México minado
Ojarasca
La Jornada
Si como propone el poeta wayuu Miguel Ángel López-Hernández, somos la primavera de nuestros muertos, basta ver estos rostros que no vemos de los niños de Cherán para entender (los pueblos siempre lo han entendido) que la tierra no es nuestra, sino de los que siguen.
La Tierra, ciudades incluidas. La tenemos de encargo. Se las estamos cuidando. Y esa es una grave responsabilidad.
Bien que sabemos que los indígenas no cuentan. Y menos en México, donde aunque les regateen cifras e identidades, siguen siendo la cuarta parte de todos los indígenas americanos, y sin duda los mexicanos que mejor defienden al país, de tan sólo defenderse.

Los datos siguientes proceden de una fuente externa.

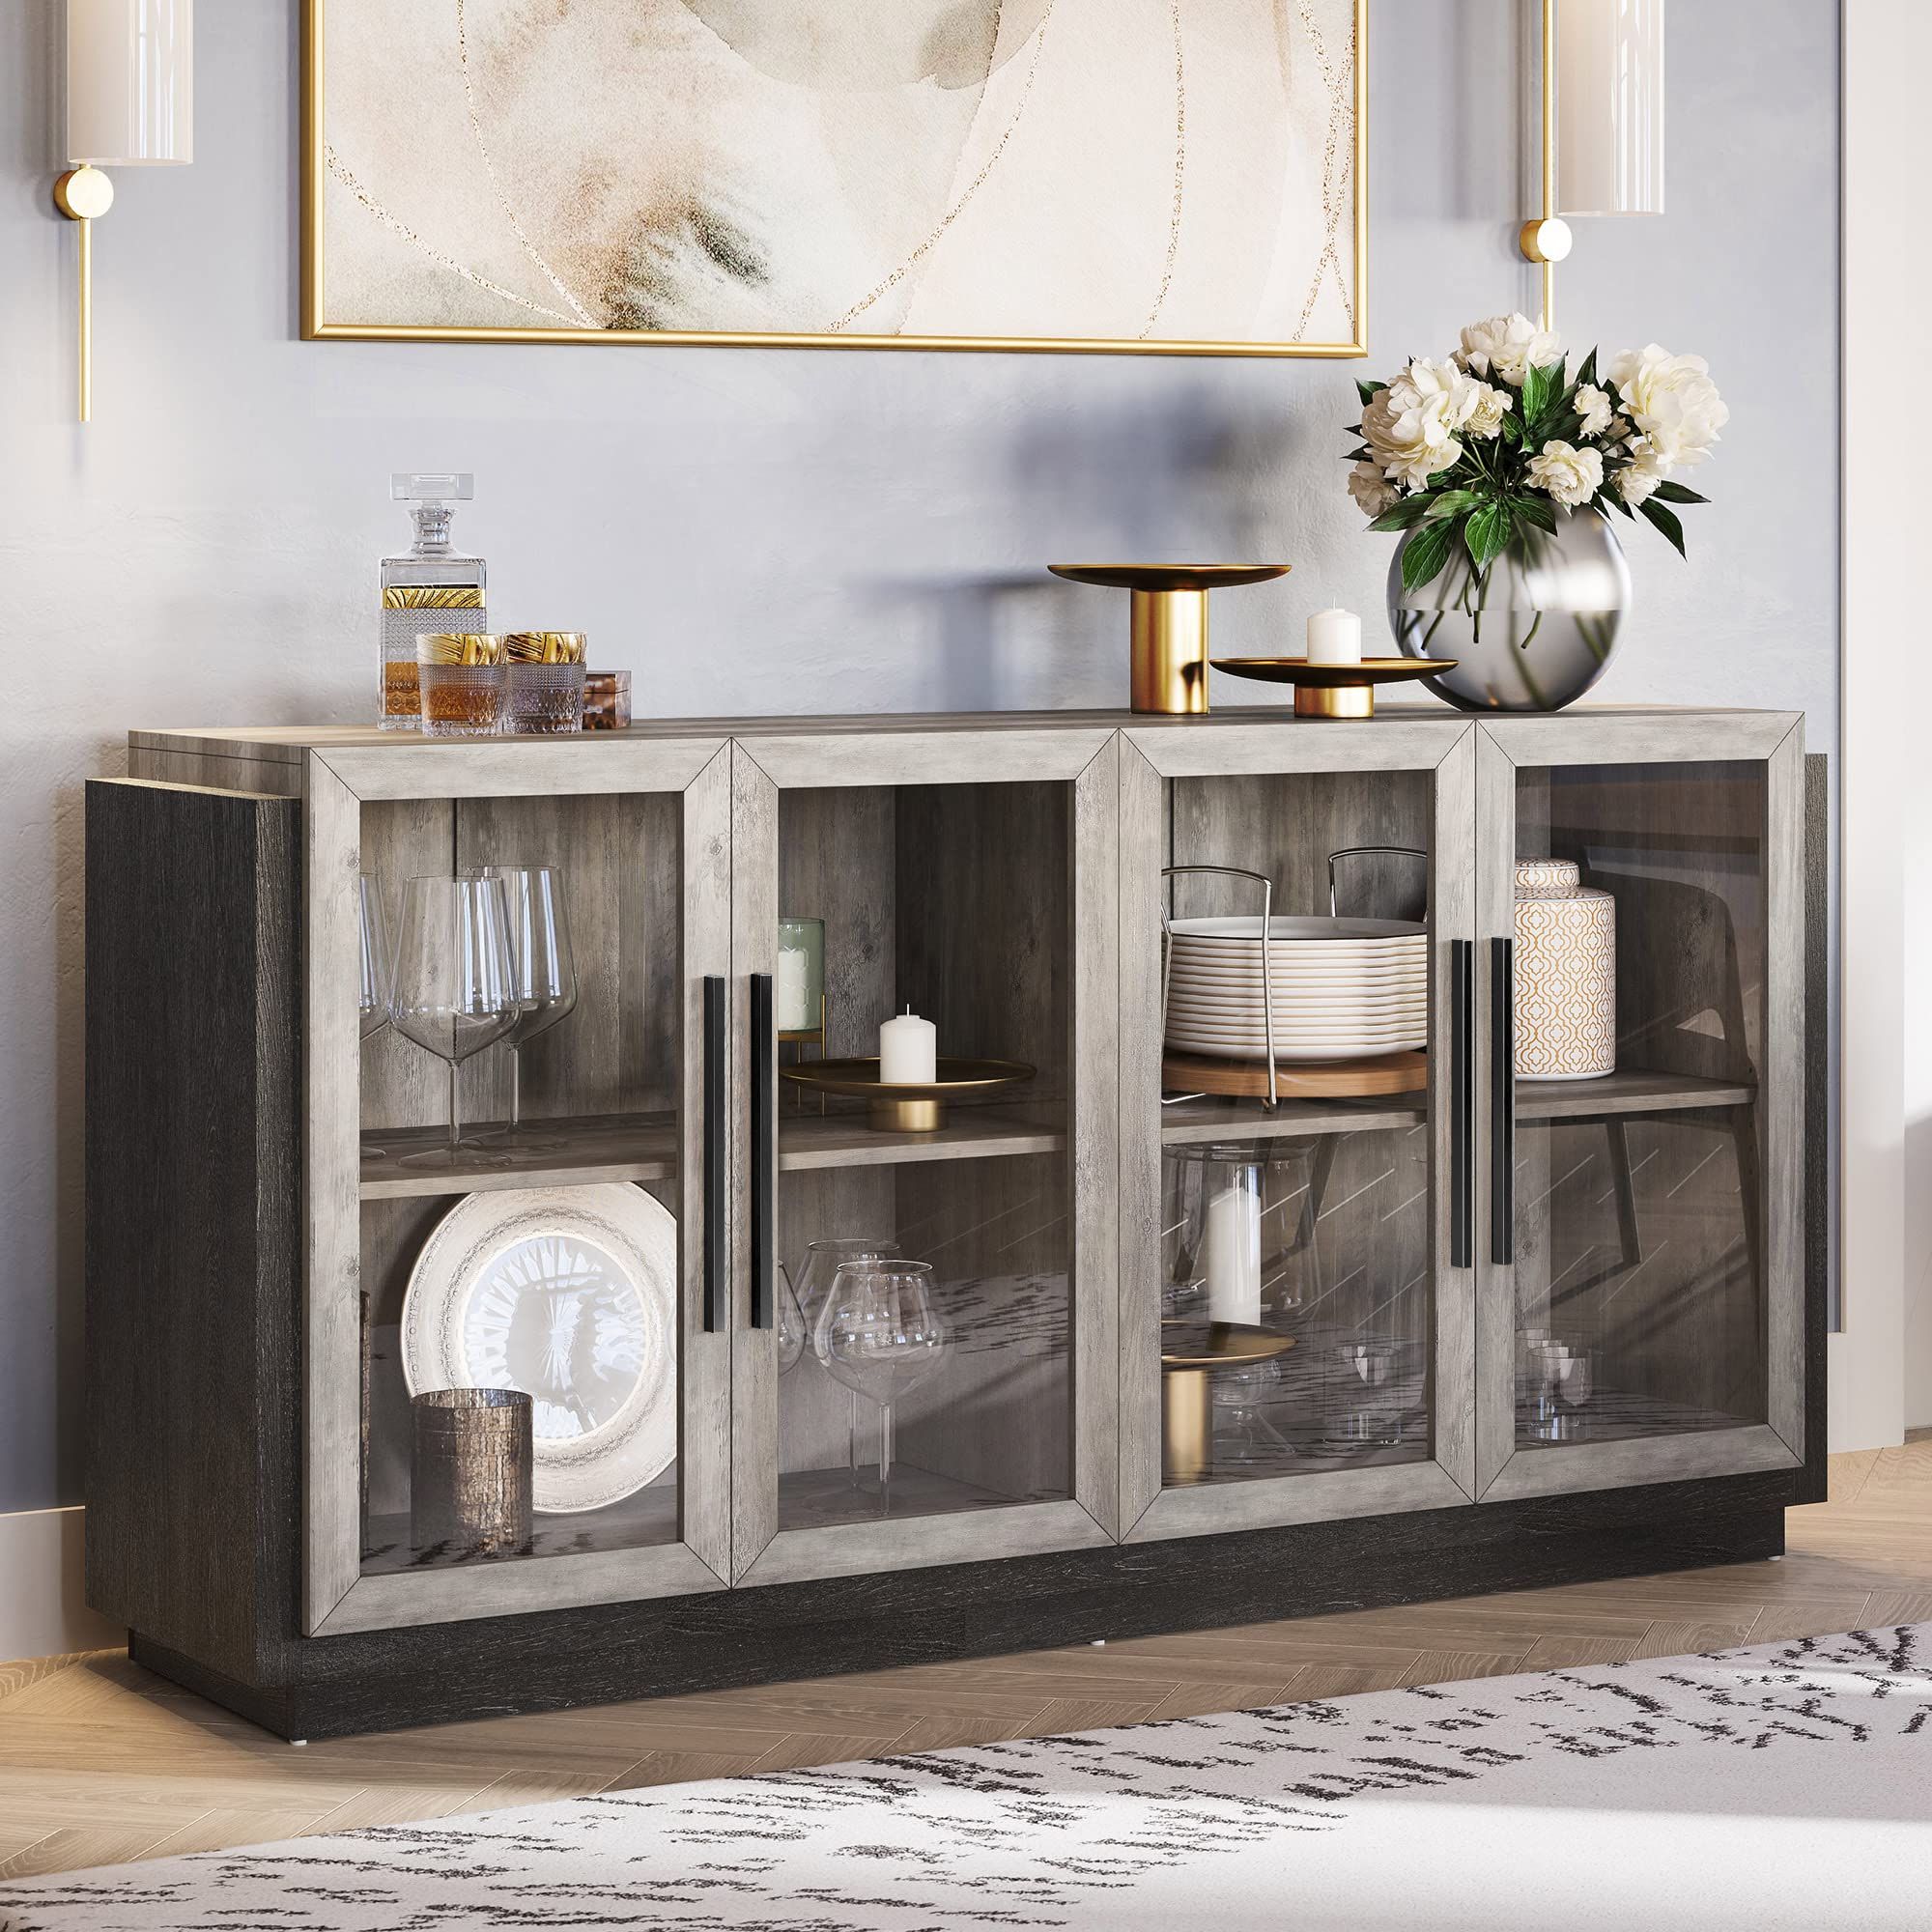 Sideboard Buffet Cabinets Intended For Most Up To Date Amazon: Belleze Sideboard Buffet Cabinet, Modern Wood Glass  Buffet Sideboard With Storage, Console Table For Kitchen, Dining Room,  Living Room, Hallway, Or Entrance – Brixston (grey) : Home & Kitchen (View 2 of 10)

Los sentimientos colectivos de “¡ya basta!”, “nunca más un México sin nosotros”, que hallan su eco en “estamos hasta la madre”, “ni una más”, han permeado a contrapelo la conciencia nacional. Atrapado como está el país en el peor vendaval capitalista de la historia, ubicado en el mero corazón del cataclismo, donde al “choque de culturas” del pensamiento colonial le viene a salir el chirrión por el palito. Somos el catálogo de muestra de lo que puede resultar el mundo futuro si no detenemos al neoliberalismo brutal.
Un México minado por el criminal contratismo minero promovido por el Estado. Deglutido por la avaricia turística. Por los monocultivos castrantes y los transgénicos grilletes esterilizantes. Los arrasamientos carreteros, hidroeléctricos, industriales. El endeudamiento eterno, los pagarés de la guerra múltiple, que finalmente es contra el pueblo. Contra las mujeres. Contra los teritorios indígenas. Contra la educación, y peor si es intercultural o autónoma. Los pagarés impagables.
Los desarrolladores en el poder que van vomitando planes por donde pasan están asesinando la tierra, y no sólo a la bola de cristianos que vivimos en ella.
Eduardo Galeano, al visitar solidariamente el campamento (“acampe”) del pueblo qom en el centro de Buenos Aires, hace unas semanas, en una entrevista de banqueta con Indymedia Argentina lo decía inmejorablemente:
Los indígenas no son el problema de las Américas sino que son la solución. Tenemos que aprender de ellos.
Esas voces que resuenan desde el pasado más remoto pero hablan al futuro de la comunidad de la naturaleza y todas las personas.
El suyo es el mejor de los mensajes: somos todos parientes de todo lo que tiene piernas, pero también patas, alas o raíces.
La defensa del agua, los bosques, la tierra, es también nuestra defensa.
El planeta puede ser salvado siempre y cuando escuchemos las voces nunca escuchadas, las más despreciadas.
Los que más voz tienen son los no escuchados, rodeados del desprecio general, casi silencio.